One node in a Vertica Data Repository cluster fails to start
search cancel

One node in a Vertica Data Repository cluster fails to start

book

Article ID: 250999

calendar_today

Updated On:

Products

CA Performance Management - Usage and Administration DX NetOps

Issue/Introduction

One of the DR Nodes is down.

In a 3 node DX NetOps Performance Management Data Repository Vertica database cluster one node is down.

Node0003 in a 3 node DR cluster fails to start.

Trying to start it using the adminTools UI results in failure. It still reports as down.

In the /<CatalogHomeDir>/drdata/v_drdata_node0003_catalog/vertica.log file we see these messages.

2022-09-28 15:30:27.460 Main:0x7f4b87565600-fff0000000000cc1 [Command] <INFO> Setting up UDType pointers
2022-09-28 15:30:27.460 Main:0x7f4b87565600-fff0000000000cc1 [Catalog] <WARNING> Couldn't load libraries
2022-09-28 15:30:27.460 Main:0x7f4b87565600-fff0000000000cc1 <PANIC> @v_drdata_node0003: VX001/2973: Data consistency problems found; startup aborted
        HINT:  Check that all file systems are properly mounted.  Also, the --force option can be used to delete corrupted data and recover from the cluster
        LOCATION:  mainEntryPoint, /data/qb_workspaces/jenkins2/ReleaseBuilds/Hammermill/REL-10_1_1-x_hammermill/build/vertica/Basics/vertica.cpp:1805
2022-09-28 15:30:27.498 Main:0x7f4b87565600-fff0000000000cc1 [Main] <PANIC> Wrote backtrace to ErrorReport.txt
2022-09-28 15:30:27.498 Main:0x7f4b87565600-fff0000000000cc1 [Main] <ALL> Core dumped to /catalog/drdata/v_drdata_node0003_catalog

Environment

All supported DX NetOps Performance Management releases

Cause

The server hosting node0003 was rebooted unexpectedly without first shutting the database down on node0003.

This was observed using the 'uptime' command where two nodes show 100+ day uptime values while the problem node shows it running for less than 24 hours.

Resolution

To resolve this take the following steps.

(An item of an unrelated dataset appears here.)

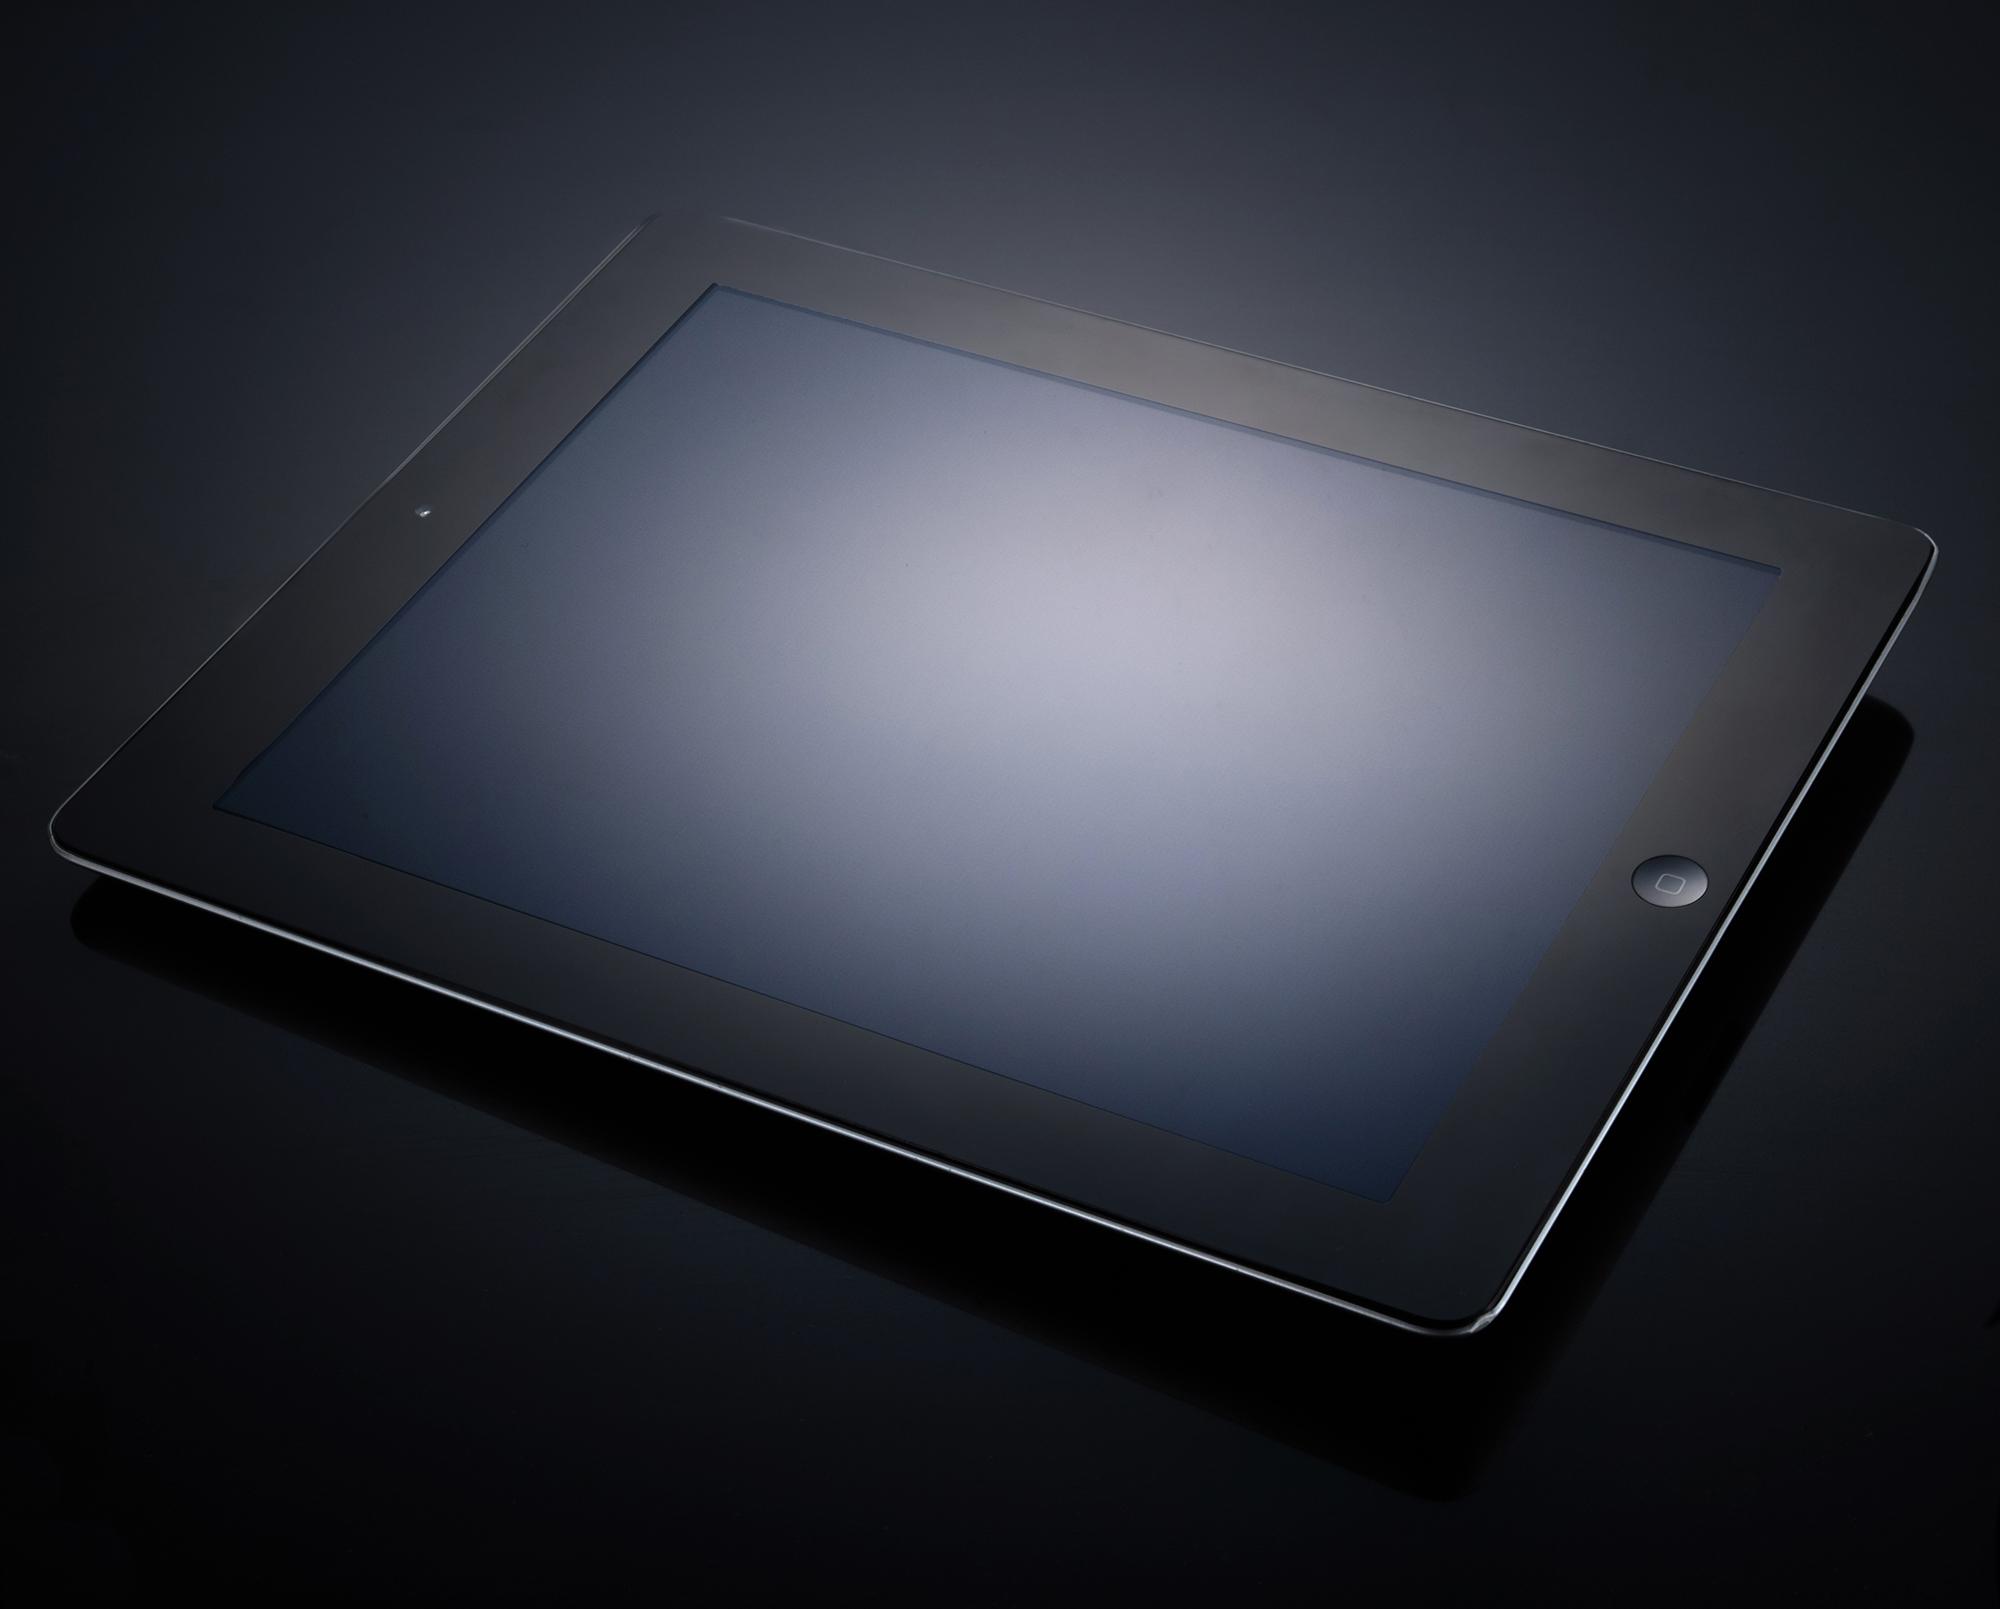 iPad Gradient Reflection

  1. Log in to the terminal of one of the nodes in the cluster as the dradmin user.
  2. Run the following command:
    1. /opt/vertica/bin/admintools -t restart_node -F -s <IP_of_Down_Node> -d <DBName>
    2. Replace:
      1. <IP_of_Down_Node> with the IP address of the down node.
      2. <DBName> with the name of the database
    3. Example using default recommended DB name 'drdata' and IP address 127.0.0.1.
      1. /opt/vertica/bin/admintools -t restart_node -F -s 127.0.0.1 -d drdata
  3. Enter Yes to wait for it to complete it's working restarting the down node.

If this fails to restart the node open a new Support case via support.broadcom.com.